What’s going on, Teachers Health Fund ?

A reader has sent me a copy of some pages from a magazine called “Health Matters“, a quarterly published by Australia’s biggest private health insurance fund for teachers, Teachers Health, that in its latest edition features “an introduction to alternative therapies“.

Now, my most charitable interpretation of those pages is that they have some rogue alt-med kook there among the staff who produce this magazine. The alternative scenario is that Teachers Health is wasting the money of their members, by advocating and financing discredited and useless complimentary medicine nonsense like homeopathy and naturopathy.

Of course Teachers Health is not the only private health insurer that offers alternative or complimentary medicine treatments for members, in fact most health funds do, and I always wonder how they justify wasting the money of their paying members on this nonsense, but I guess by offering these extras the funds reach a bigger clientele and it makes sense for them that way.
It is an entirely different matter however, if a fund appears to be trying to justify those treatments by publishing falsehoods and inaccuracies about the efficacy of homeopathy or naturopathy in their member magazine.

Exhibit A :

This Law of Similars, as it is called, is a practical method of finding the substance to which a person is sensitive.

A practical method ? Says who ? We aren’t told, this falsehood is just asserted with no evidence provided. In fact, the “Law of Similars” is complete and utter nonsense, there is no logical or scientific reason why a substance that produces a symptom X should cure the same symptom X in someone else. And neither Hahnemann or his followers have ever shown this “Law” to hold true in any studies that would hold up to scientific scrutiny.

From the same page:

Homeopathy was developed over 200 years ago and is now used worldwide. Its effectiveness has been clearly established by over 200 years of clinical experience and has a pharmacy of over 2000 medicines, which are non-toxic and non-addictive.

Yes, this kind of pseudomedical woo is indeed used worldwide. That’s not exactly an argument for its efficacy however, more a clumsy ad populum. As to saying that the effectiveness of homeopathy has been clearly established, one wants to ask just one question : Where ? Can Teachers Health please point me to the relevant studies that show any efficacy of homeopathy ? Can they in fact show me any proof that a homeopathic medicine beyond a 12C dilution contains a single molecule of the ingredient it claims to contain ?
Whether it’s the Law of Similars, or the potentisation of substances by dilution, these are magical ideas that have no basis in real biochemistry or pharmacology. It’s woo, pure and simple.

The use of Ritalin, a stimulant drug for children suffering from hyperactivity, is an example of the use of the unacknowledged application of Homeopathy in contemporary (orthodox) medicine.

This paragraph just makes no sense whatsoever. Ritalin is Methylphenidate, an amphetamin-like drug that has well-established effects and side effects, and is by the way not only used for ADD, but also for narcolepsy and a condition called POTS. It’s a drug, it does stuff. Unlike homeopathic “medicines”. That paragraph is a mystery to me.

Exhibit B :

Naturopathy is a holistic approach to wellness based on the principle that the body has the inherent ability to heal itself.

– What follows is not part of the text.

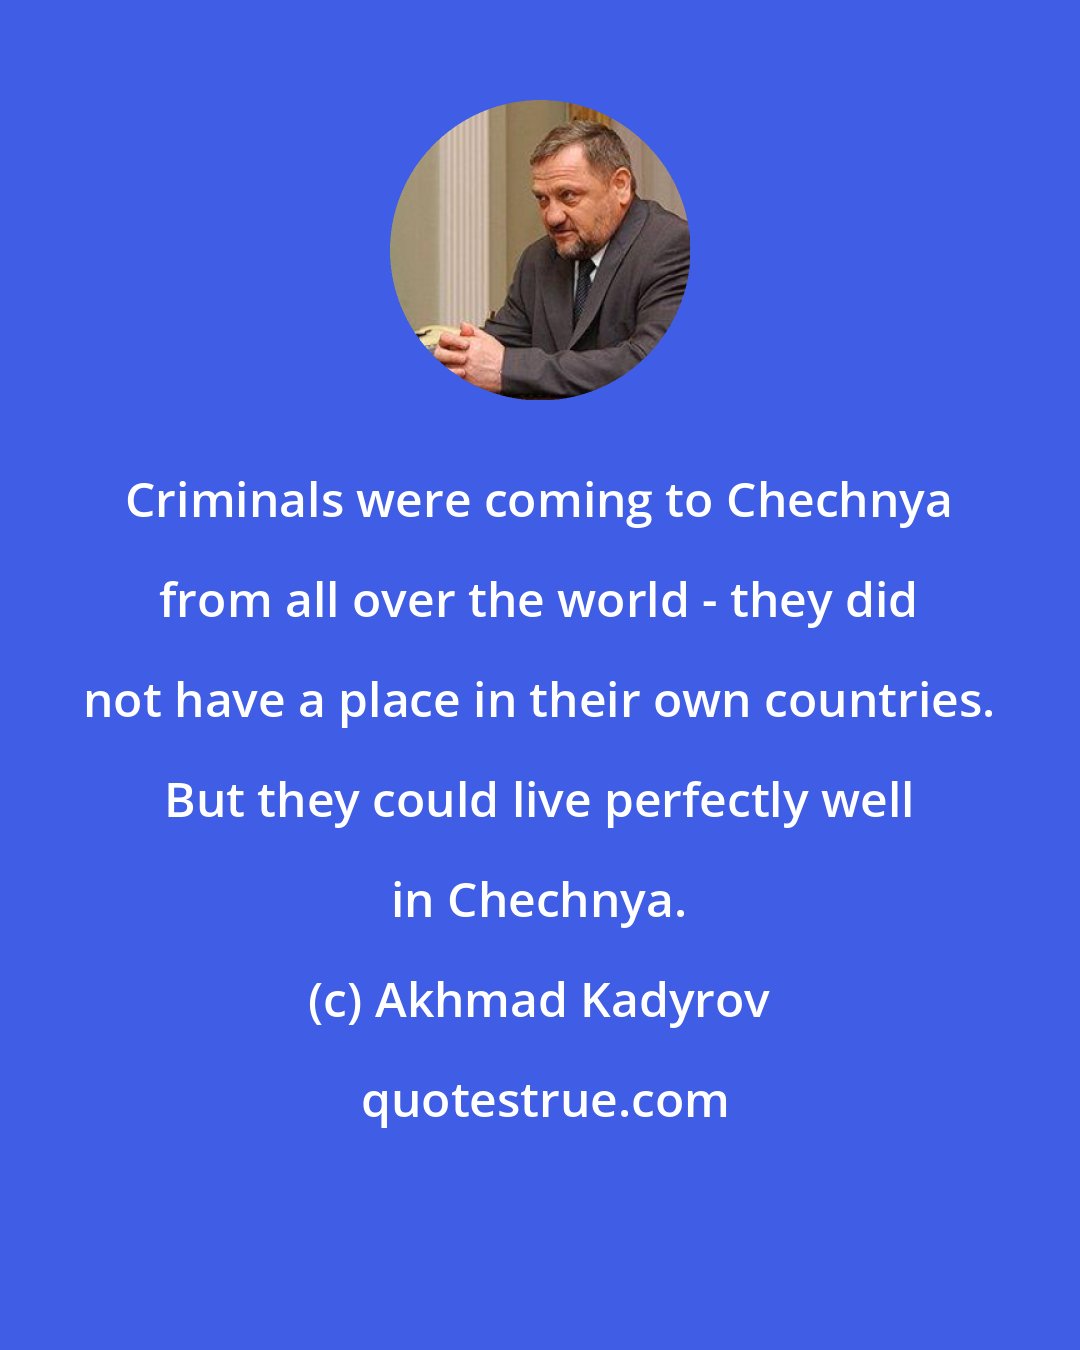 Akhmad Kadyrov: Criminals were coming to Chechnya from all over the world - they did not have a place in their own countries. But they could live perfectly well in Chechnya.

It does ? How does it work ? I’m not familiar with any physiological explanation for this “theory”, nor for any evidence for naturopathy having any effects beyond the placebo effect. We should all have a massage every now and then, eat a healthy diet and do some exercise ! But that’s lifestyle advice, not medicine.

Naturopathic treatments boost the body’s natural healing potential, restoring harmony and preventing disease.

They do ? I’d like to see some evidence for that ! Well, how about a personal anecdote :

I tried Naturopathy because I was getting sick far too often, and I was tired of seeing the doctor and being on antibiotics to heal my coughs and colds. My Naturopath identified that my immune defenses were low and that I had been on antibiotics too frequently, so she prescribed a course of natural remedies[]

So some guy gets antibiotics for a self-limiting disease, doesn’t get better, then takes naturopathic “medicine”, and lo, he does get better ! Well, that story sure has me convinced ! What I am very curious about is how the naturopath identified that this person’s “immune defenses” were “down”. Somehow I doubt that it involved measuring a T-cell count.

It’s every health fund’s business what extras they offer to their members, and if some people find naturopathic remedies soothing, or are convinced that homeopathy works because their genital rash went away at the same time they bought the homeopathic itch reliever, then I have no issues with adults doing that (Not so with children, by the way).
What I do object to however, is if a fund tries to justify or rationalize these expenses by presenting false and inaccurate information to their members, which is what seems to have happened here.
I would like to see that Teachers Health rectifies these problems on their website or in the next issue of their magazine. Otherwise people might get the impression that the fund has no problem advocating non-working and disproven “remedies” as medicine, and that it is happily wasting the member dollars of their customers to pay for these useless therapies.
I have written to Teachers Health and asked for a clarification of their position on the things advocated in this magazine, but haven’t heard back yet.